CTX PROTECTION SOCIALE, 22 avril 2025 — 24/00149
Texte intégral
RÉPUBLIQUE FRANÇAISE AU NOM DU PEUPLE FRANÇAIS
COUR D’APPEL de [Localité 4]
TRIBUNAL JUDICIAIRE DE DIJON
POLE SOCIAL
CONTENTIEUX DE LA SÉCURITÉ SOCIALE
AFFAIRE N° RG 24/00149 - N° Portalis DBXJ-W-B7I-IIFJ
JUGEMENT N° 25/215
JUGEMENT DU 22 Avril 2025
COMPOSITION DU TRIBUNAL :
Président : Catherine PERTUISOT Assesseur salarié : [D] BAROILLER Assesseur non salarié : Jean-Philippe REMY Greffe : Marie-Laure BOIROT
PARTIE DEMANDERESSE :
[7] [Adresse 6] [Localité 3]
Comparution : Représentée par la SCP SOULARD-RAIMBAULT, Avocats au Barreau de Dijon, vestiaire 127
PARTIE DÉFENDERESSE :
Madame [T] [G] [I] [W] [Adresse 1] [Localité 2]

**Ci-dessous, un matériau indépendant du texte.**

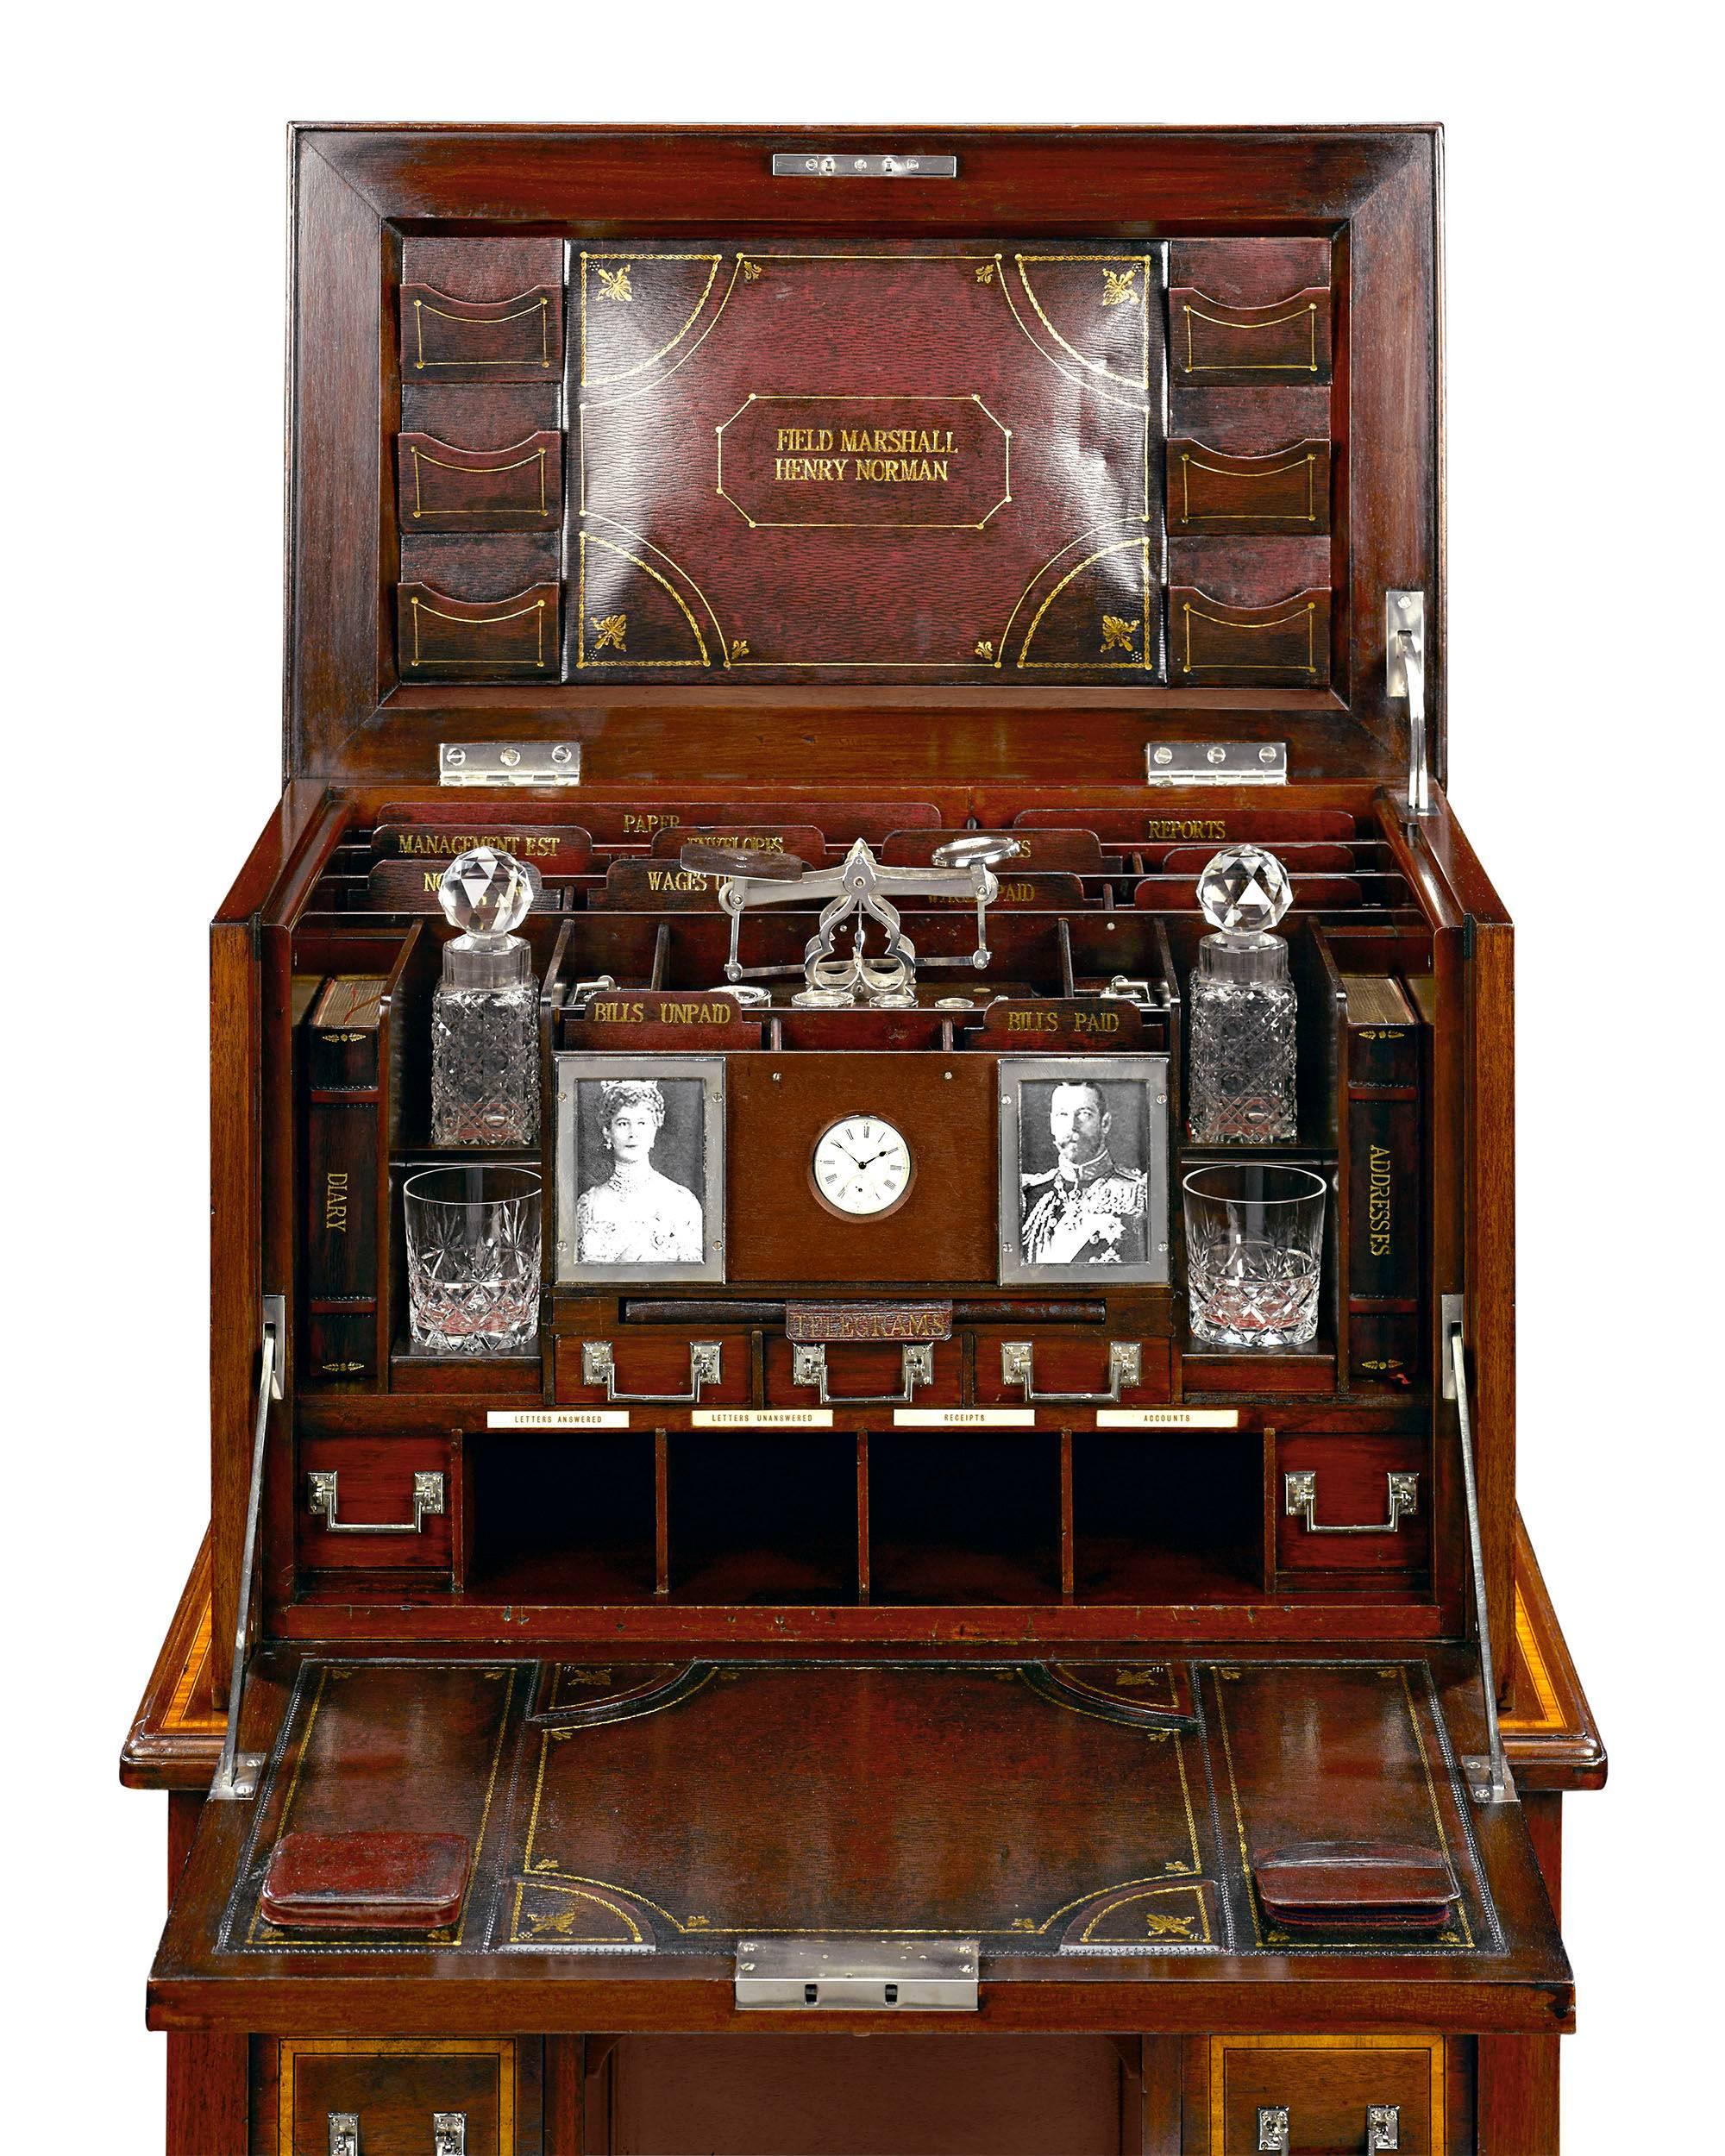 This extraordinary and rare English desk is an impeccable example of English Campaign furniture. Crafted of mahogany, this compact desk was given to Field Marshal Sir Henry Wylie Norman, a British Colonial administrator and senior officer of the

Comparution : Représentée par Maître Thomas MENETRIER Avocat au Barreau de Dijon, vestiaire 83
PROCÉDURE :
Date de saisine : 29 Février 2024 Audience publique du 18 Mars 2025 Qualification : dernier ressort Notification du jugement :
EXPOSE DU LITIGE :
Par requête déposée au greffe le 29 février 2024, Madame [T] [W] a saisi le pôle social du tribunal judiciaire de Dijon d’une opposition à la contrainte émise par l’URSSAF de Bourgogne le 21 février 2024, et signifiée le 23 février 2024, pour un montant de 3.995 € correspondant aux cotisations sociales et majorations de retard dues au titre de l’année 2020, et des 3ème et 4ème trimestres 2022.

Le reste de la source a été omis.